«Un asunto sin más», había dicho su hermana. Al mediodía, en cuanto Amalia entró en la cocina de la casa, el malhumorado campanilleo de la cucharilla de su madre contra las paredes del vaso le indicó que Nora se había equivocado. Se preparaba la tormenta. O tal vez ya había llegado. Amalia cogió otra cucharilla del cajón superior y la levantó en el aire, como un espadachín, para dar a entender sin palabras que solo había entrado por eso. Esos cubiertos eran restos de la herencia del indiano, baño de plata y escudo de armas vistoso e inventado.
—La devolveré después —dijo al salir.
Su madre no soportaba que los clientes usaran las tazas o las cucharillas de la casa. Como si las fueran a contaminar con los bacilos de sus desgracias.
—Que no se te olvide. Aquí cada uno hace lo que le sale...
Sabía que Nora había rechazado un caso y no lo aprobaba en absoluto. «El periodo de gracia ha terminado, hermana.» Duró mientras estuvo rota, pero Nora se estaba recomponiendo.
Amalia no necesitaría advertirla de ello, su hermana ya se lo imaginaba. Siempre había sabido bien cómo funcionaban las cosas en la casa y en la agencia. Por decirlo una vez en voz alta había sido también la única de los tres a la que su padre había llegado a pegar.
Nora tenía dieciséis años y la rebeldía en la boca. No podía recordar qué había desatado la disputa. Podía ser cualquier cosa, durante esos días su padre y su hermana se peleaban constantemente. Lo que sí recordaba a la perfección era el encadenamiento de frases que como un mecanismo imparable se dieron paso unas a otras.
—No quiero hacerlo.
—Pues lo harás.
—¿Por qué?
—Porque lo digo yo y aquí se hace lo que yo digo.

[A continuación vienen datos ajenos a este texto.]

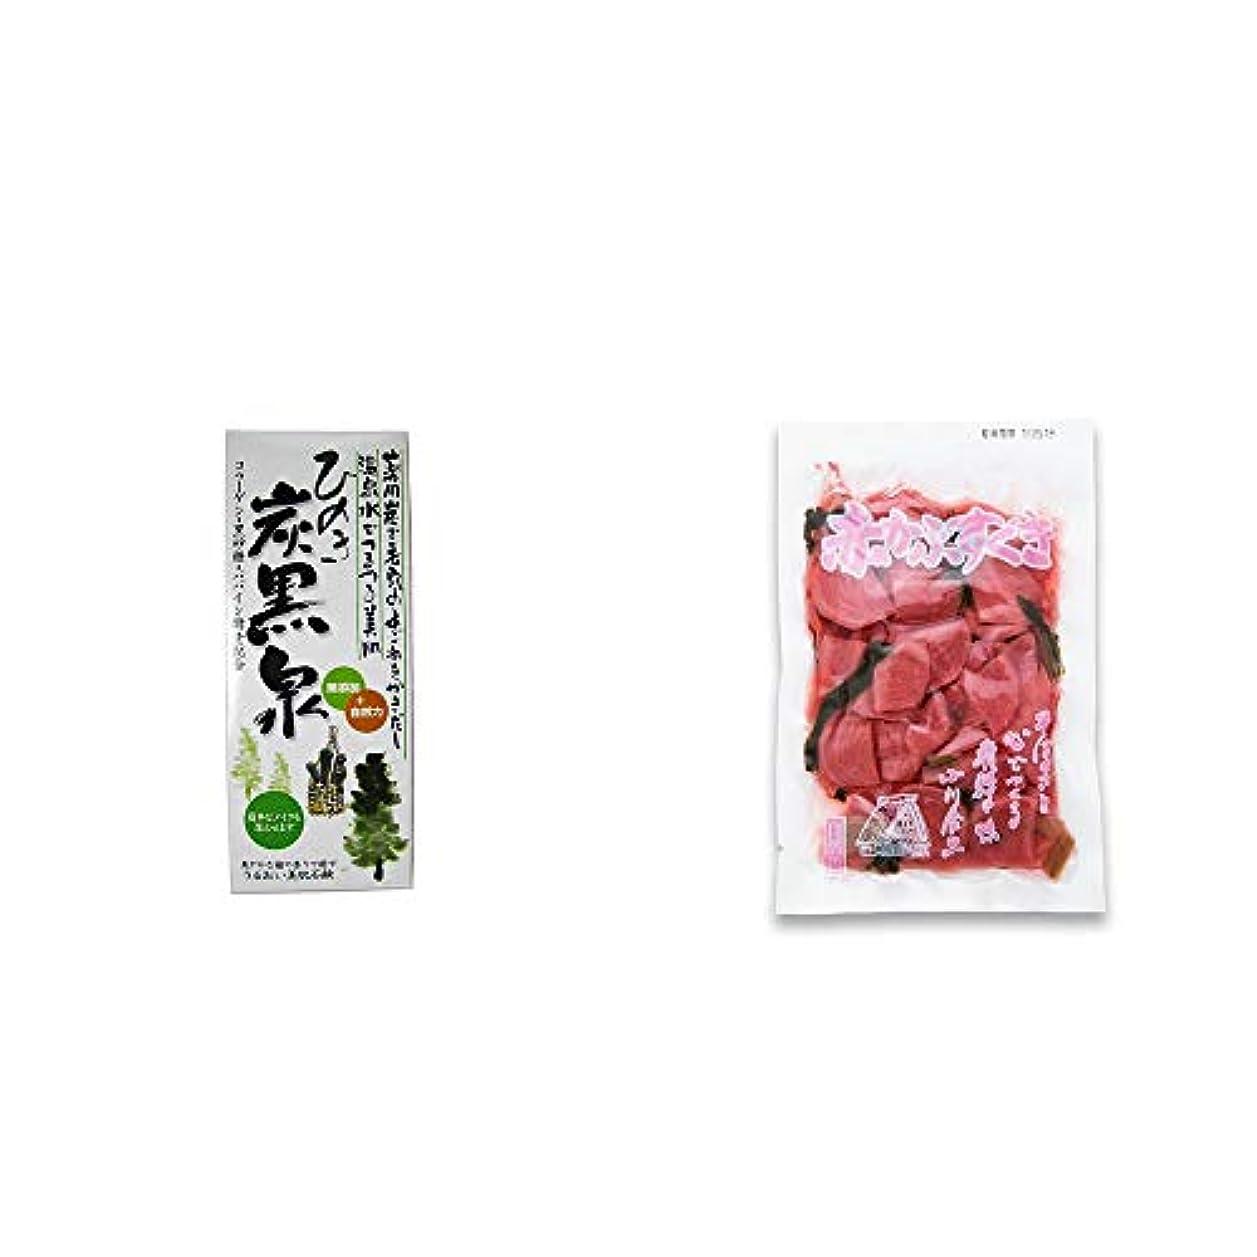 老人本物カロリー[2点セット] ひのき炭黒泉 箱入り(75g×3)?赤かぶすぐき(160g)

—Con permiso de mamá, ¿no?
Ahí le cayó la bofetada. Fue la primera y única vez que su padre le pegó y lo hizo porque ella tenía razón.
Su padre tardó en perdonarse a sí mismo la pérdida de control. Todo buen boxeador sabe que un profesional nunca golpea fuera del ring.
Amalia lo encontró en el despacho con la expresión de enfado e indefensión que le dejaban las broncas con su madre. No preguntaría nada. Mejor hablar de trabajo.
—Hemos dado con un posible domicilio del marido de la cliente. Parece que ahora vive en Valencia.
—Ummm —respondió. Estaba distraído.
—Así que —iba a decir «si te parece», pero no tenía por qué hacerlo—, mañana cogemos el tren y vamos a ver si damos con él.
—Tú y Ayala.
—Claro. ¿Quién, si no?
—¿Dónde está?
Amalia no pudo reprimir la sonrisita irónica. Ayala le había contado por la mañana que tenía que hacer una visita con ese colaborador con nombre de elemento químico.
—Creo que lo sabes tú mejor que yo.
Ahora sí que había conseguido captar la atención de su padre.
—¿Te lo ha contado?
—Claro.
—Es normal, por supuesto, que os contéis cosas.
Hablaba más para sí mismo que para ella. Tal vez preguntándose qué se habían revelado mutuamente y calculando qué podía decir o callar para que al final no acabara saltando la liebre. Estaban todos enredados en una red de secretos demasiado enrevesada. Más difícil que guardarlos era saber para quién lo eran y con quiénes se compartía qué. Ella, custodia de un tesoro de informaciones que su padre no podía ni imaginar, agradeció que él no aumentara el peso de su carga.
—Bueno, pues nada. Compra los billetes.
—¿Podemos quedarnos dos días?
—Hija, no te columpies.
—Buscaré un hotel económico.
Dos días fuera de Barcelona con Ayala. Mientras compraba los billetes pensó que podría haberle sacado tres. Su hermano siempre decía que tenía espíritu de fenicia.